Finde ich ebenfalls eine gute Idee.

Hat, wie du schon schreibst, auch nichts mit der SPS (Hardware) zu tun. Dies ist eine reine Compiler-Sache.

Wie der Paule schon schreibt (oder zumindest meint mit was er schreibt  (denke ich )) sollte dies aber nicht dazu führen, dass wir dadurch die bausteinweite Sprünge verlieren. *Beides* soll möglich sein.

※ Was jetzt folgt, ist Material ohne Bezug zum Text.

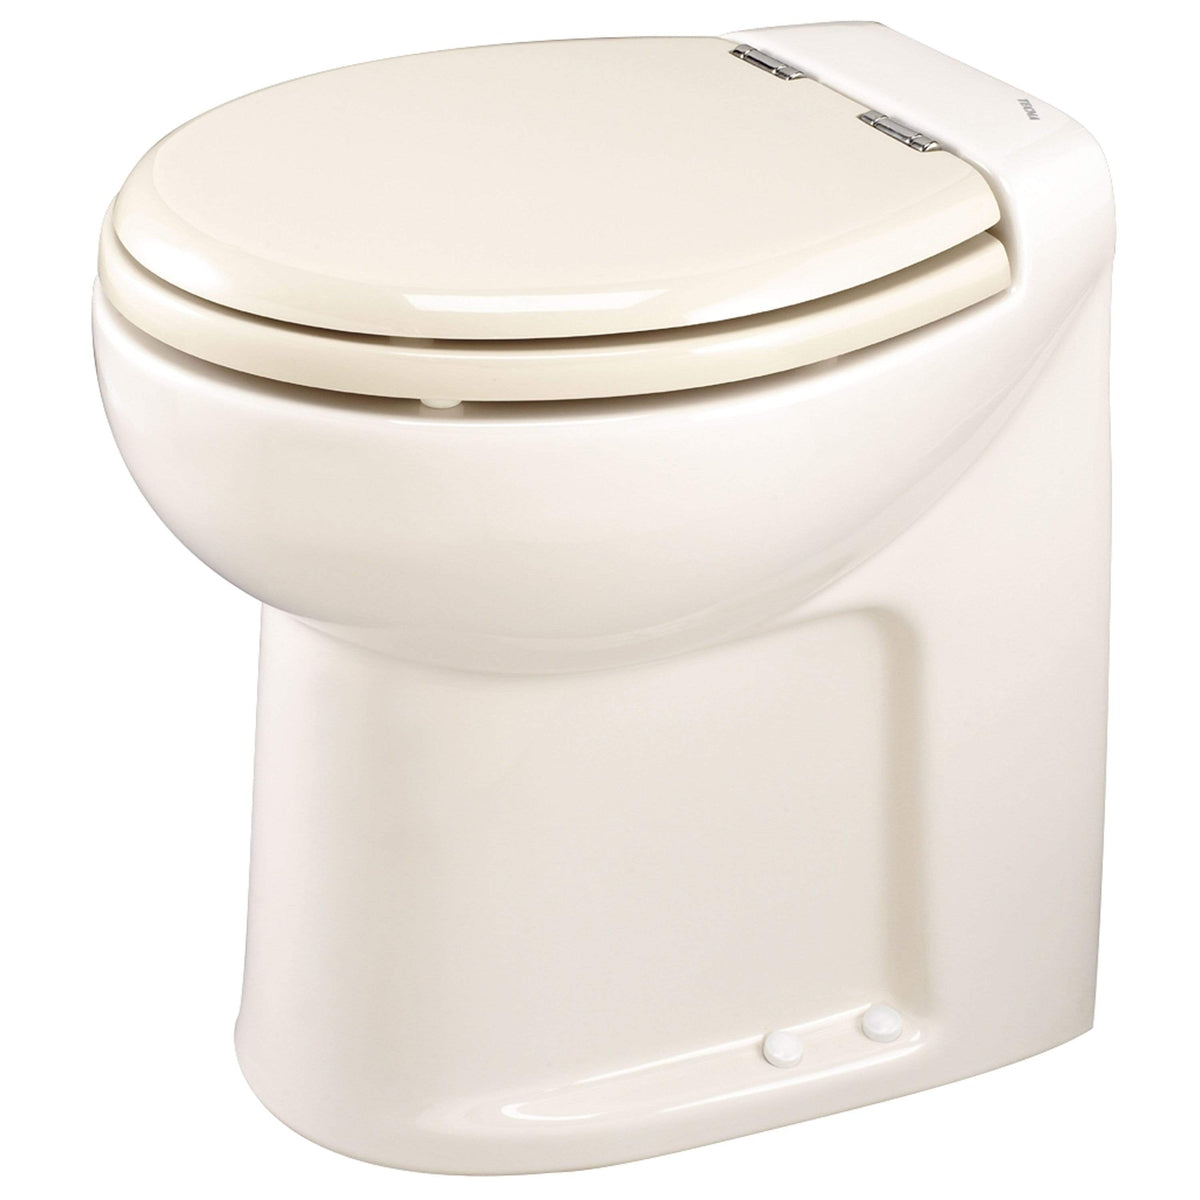 Thetford Not Qualified for Free Shipping Thetford Tecma Silence 1 Mode 24v RV Toilet White #38030

Als (verbindlichen) Prefix für einen globalen Sprung würde mich persönlich übrigens einen "#" reichen. "G#" ist mir zu umständlich und "verschmutzt" IMHO zu viel das Lesebild. Man könnte auch einen "." nehmen, oder was Anderes, hauptsache es gibt eine klare Unterscheidung (wer die Programmierumgebung kennt sieht sofort was gemeint ist), aber es fällt nicht zu viel auf bzw. drängt nicht zu viel in den Vordergund.

Schoenen Gruss,
Und Happy Hacking,
Jan


----------



## rostiger Nagel (20 Juni 2011)

Paule schrieb:


> Aber auch Nachteile.
> Das Sprungverhalten von S5 auf S7 war schon eine Umstellung, aber finde es jetzt gut wie es ist.
> Wichtig war der längere Labelname und das wurde ja erfüllt.


 
genau, so wie es in TIA jetzt ist, sollte es bleiben, das ist Perfekt :s7:
um es als Globelen Sprung zu Kenzeichnen, kann mann sich ja selber dieses gewünschte
Kenzeichen machen. Ohne Netzwerkübergreifende Sprungziele, macht z.b. der Sprungverteiler
nicht viel Sinn.


----------



## jd_otter (20 Juni 2011)

Helmut_von_der_Reparatur schrieb:


> genau, so wie es in TIA jetzt ist, sollte es bleiben, das ist Perfekt :s7:


 
Da ich (leider) immer noch kein Zugang zum TIA Portal habe, weiss ich leider nicht genau *wie* das da dann gelöst ist.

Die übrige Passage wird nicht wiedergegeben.